Mas o passado é passado, por mais triste que ele seja e o que realmente importa é a natureza do segundo romance de Highsmith, ela mesmo lésbica, que tem um cunho semiautobiográfico e uma abordagem de jornada de amadurecimento e descoberta de amor por parte da jovem Therese Belivet que, enquanto procura uma oportunidade para trabalhar com cenógrafa, trabalha em uma loja de departamentos em Nova York e, ali, acaba conhecendo Carol Aird, sofisticada mulher mais velha (de 30 e poucos anos), que compra algo com ela. Therese sente atração imediata, um amor que nunca sentiu antes e, quase que de reflexo, manda um cartão de obrigado para Carol que, então, responde convidando-a para sair, o que inicia, vagarosamente, o romance entre as duas.

A narrativa é contada em terceira pessoa, mas eminentemente a partir do ponto de vista de Therese, e é a protagonista que, naturalmente, ganha construção mais detalhada, como uma jovem egressa de escola religiosa que, ao que tudo indica, já teve uma atração parecida, mas nunca consumada, por uma de suas professoras e que vive uma vida solitária, mesmo que volta e meia saia sem entusiasmo com seu amigo Richard, por sua vez muito claramente apaixonado por ela. Highsmith, então com 31 anos, é Therese e sua visão de Carol é a visão que ela mesmo teve de uma mulher, em circunstâncias muito parecidas, quando mais nova, com o romance, então, sendo a “versão alternativa” de uma admiração platônica distante que nunca passou disso.

Na medida em que o relacionamento de Therese com Carol se aprofunda, aprendemos mais sobre a mulher mais velha que passa por um processo de divórcio de seu marido Harge e que envolve a disputa pela custódia de sua filha pequena Rindy, que já mora com o pai. Highsmith, porém, reserva os desdobramentos do divórcio e o quanto o relacionamento das duas o afeta para adiante no livro, pois seu interesse é lidar com o desabrochar de Therese como mulher e a descoberta – em definitivo – de sua sexualidade. Tudo é feito com extrema elegância, como é de se esperar da autora, que evita descrever o ato sexual em si, preocupando-se muito mais com as sensações, com a intensidade de sentimento de Therese por Carol, com a compreensão, pela jovem, do que é amor. Entendemos o que Carol sente – ou não, pois, apesar de experiente e de já ter tido outra relação homossexual, ela reluta em se entregar à conexão com Therese – também pela olhar, pela interpretação de Therese, o que por vezes nos leva à injustiças que são intuídas pelo delicado texto de Highsmith.
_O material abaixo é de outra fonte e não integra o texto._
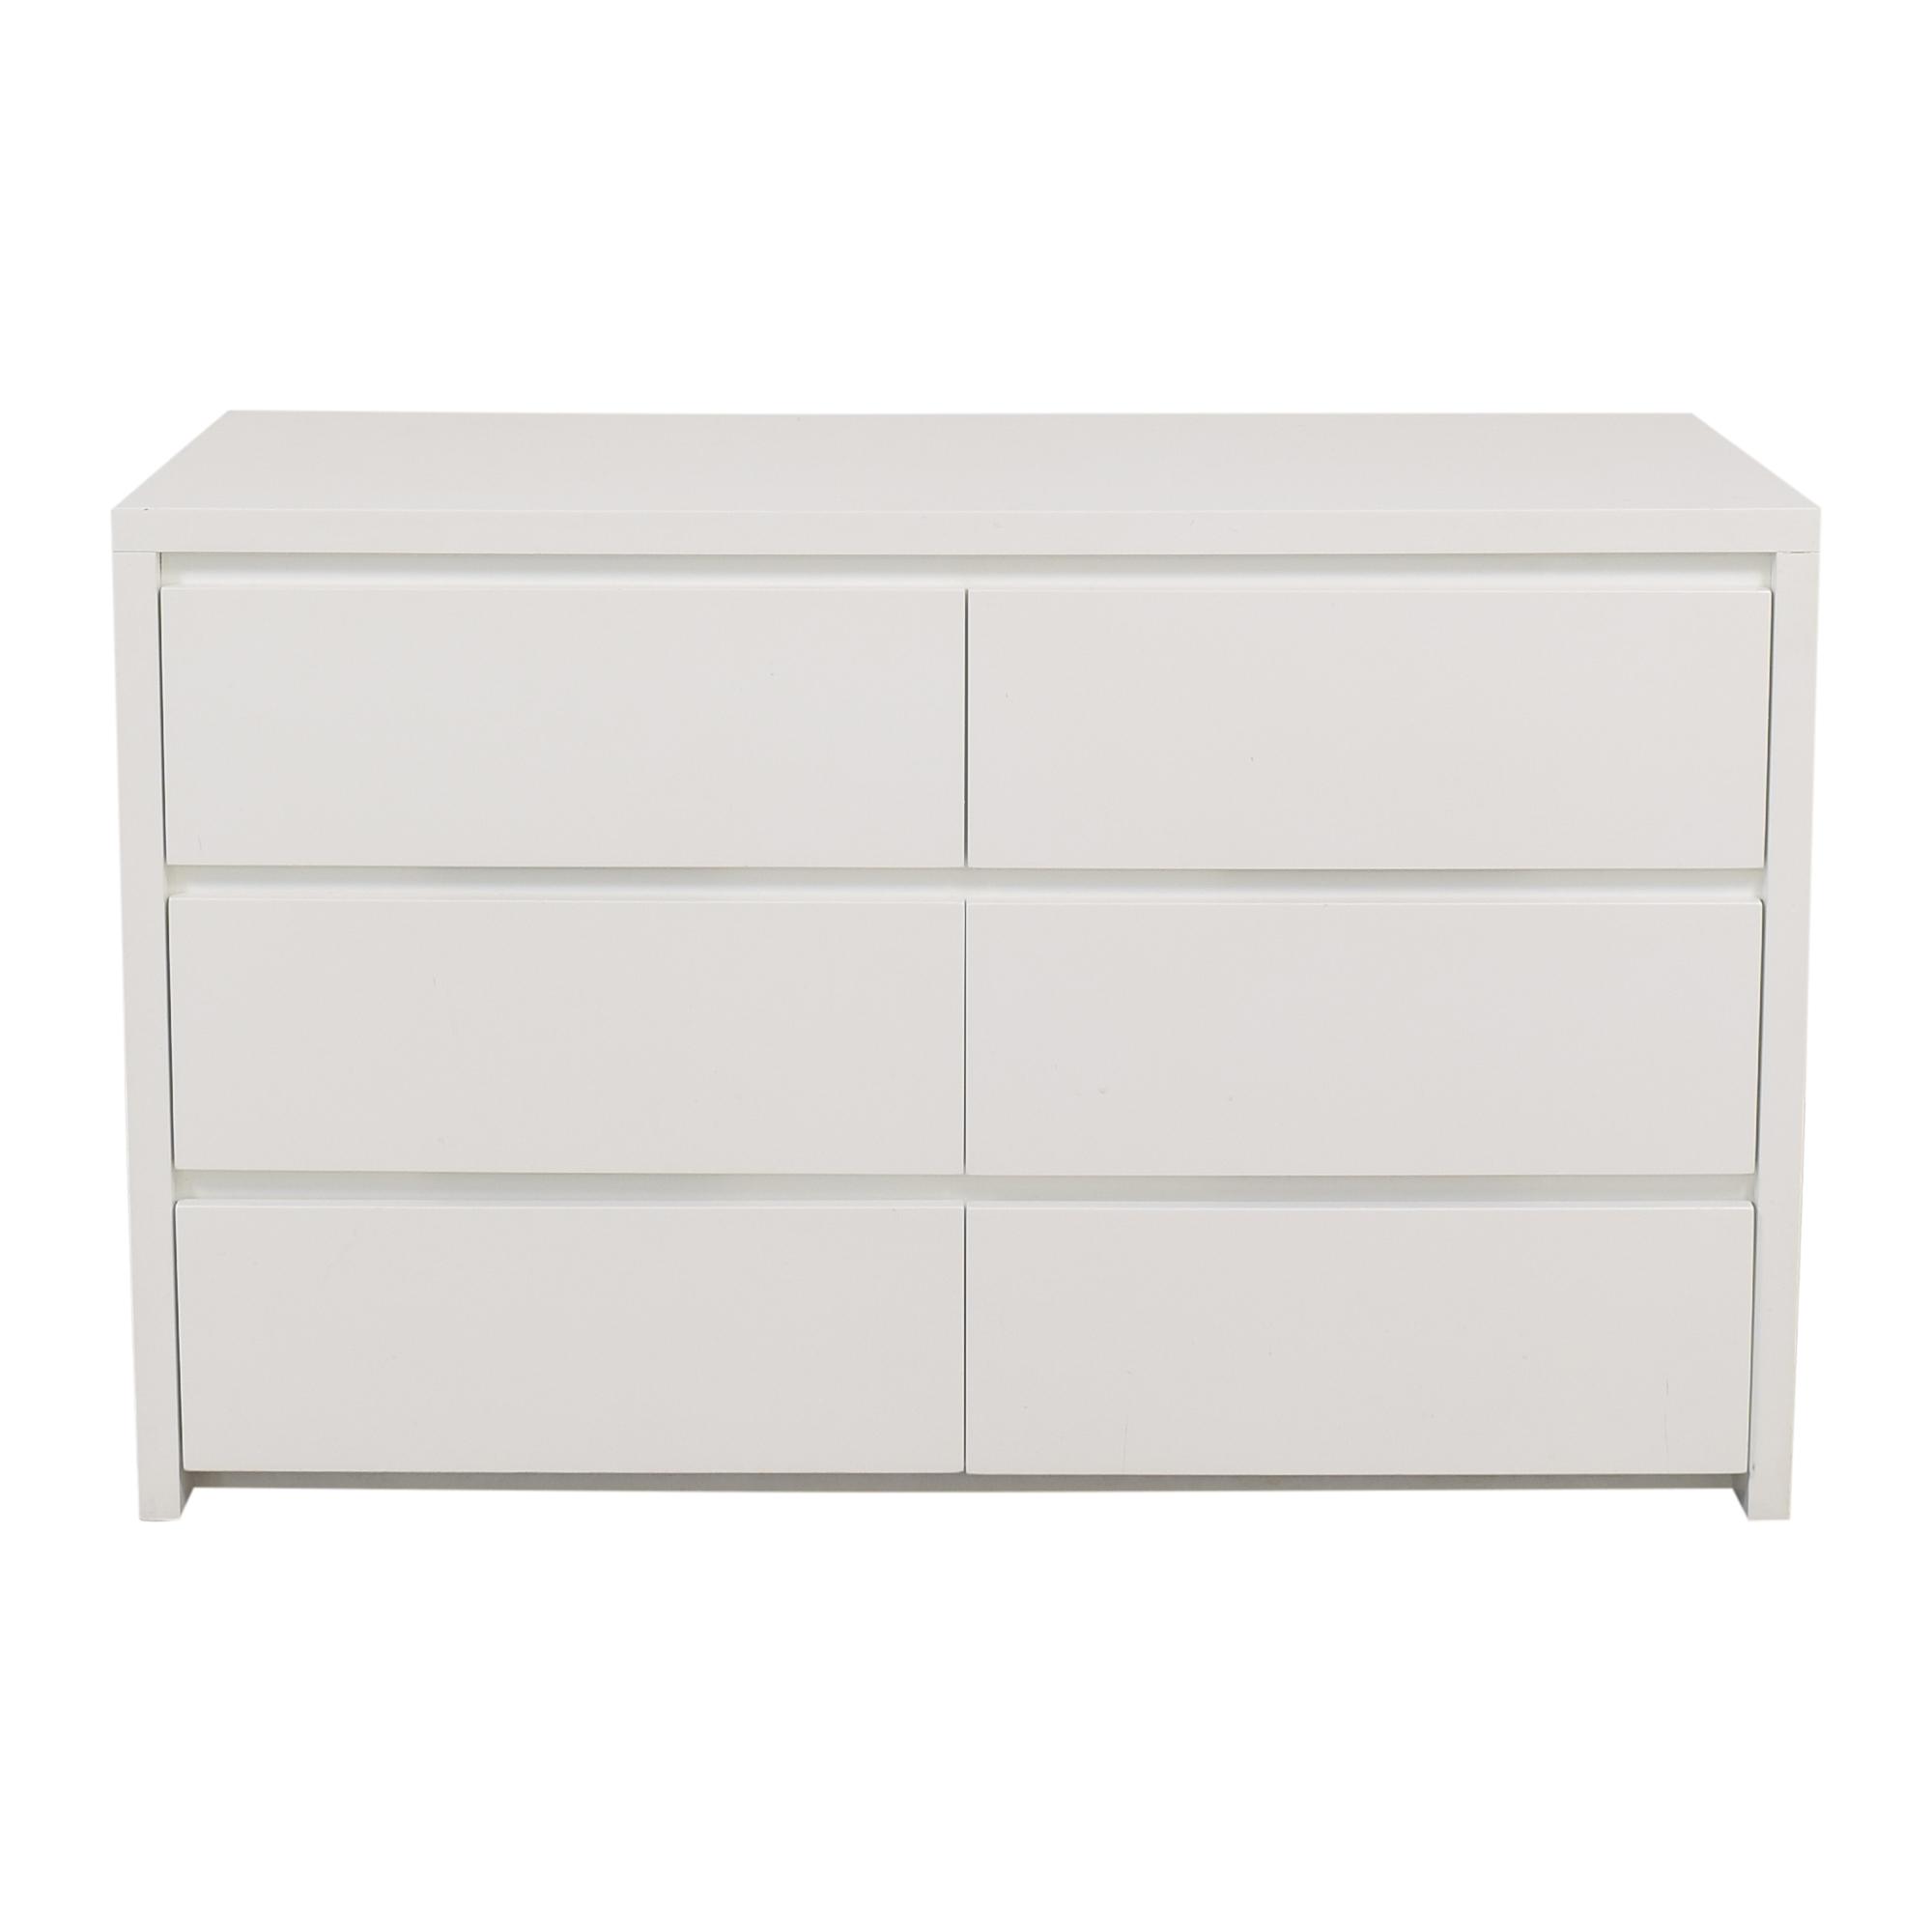 Urbangreen Furniture Urbangreen Six Drawer Urban Basics Dresser on sale

Grande parte do romance se passa em uma road trip que Carol convida Therese a fazer com ela, um artifício usado pela autora provavelmente para criar “ação” à narrativa que, de outra forma, seria consideravelmente contemplativa. O divórcio, cujo fim o leitor pode muito facilmente deduzir especialmente considerando o ano em que o livro foi escrito é um ingrediente a mais para criar drama e até mesmo tensão com a entrada tardia de um detetive particular na história que serve como ponto de virada para Carol e seu aparente desprendimento em relação à sua filha. Não acho que o terço final, em que essas questões se resolvem, funcione tão bem quanto o restante, pois exige a exclusão de Carol de boa parte da narrativa, retornando Therese à sua situação de solidão que marca o começo. Como Highsmith é fiel ao ponto de vista, o que aprendemos sobre o que ocorre com Carol vem a conta-gotas e acaba sendo incompleto, ainda que eu entenda perfeitamente que o foco do romance não é esse, mas sim na jornada de compreensão de Therese sobre quem ela é.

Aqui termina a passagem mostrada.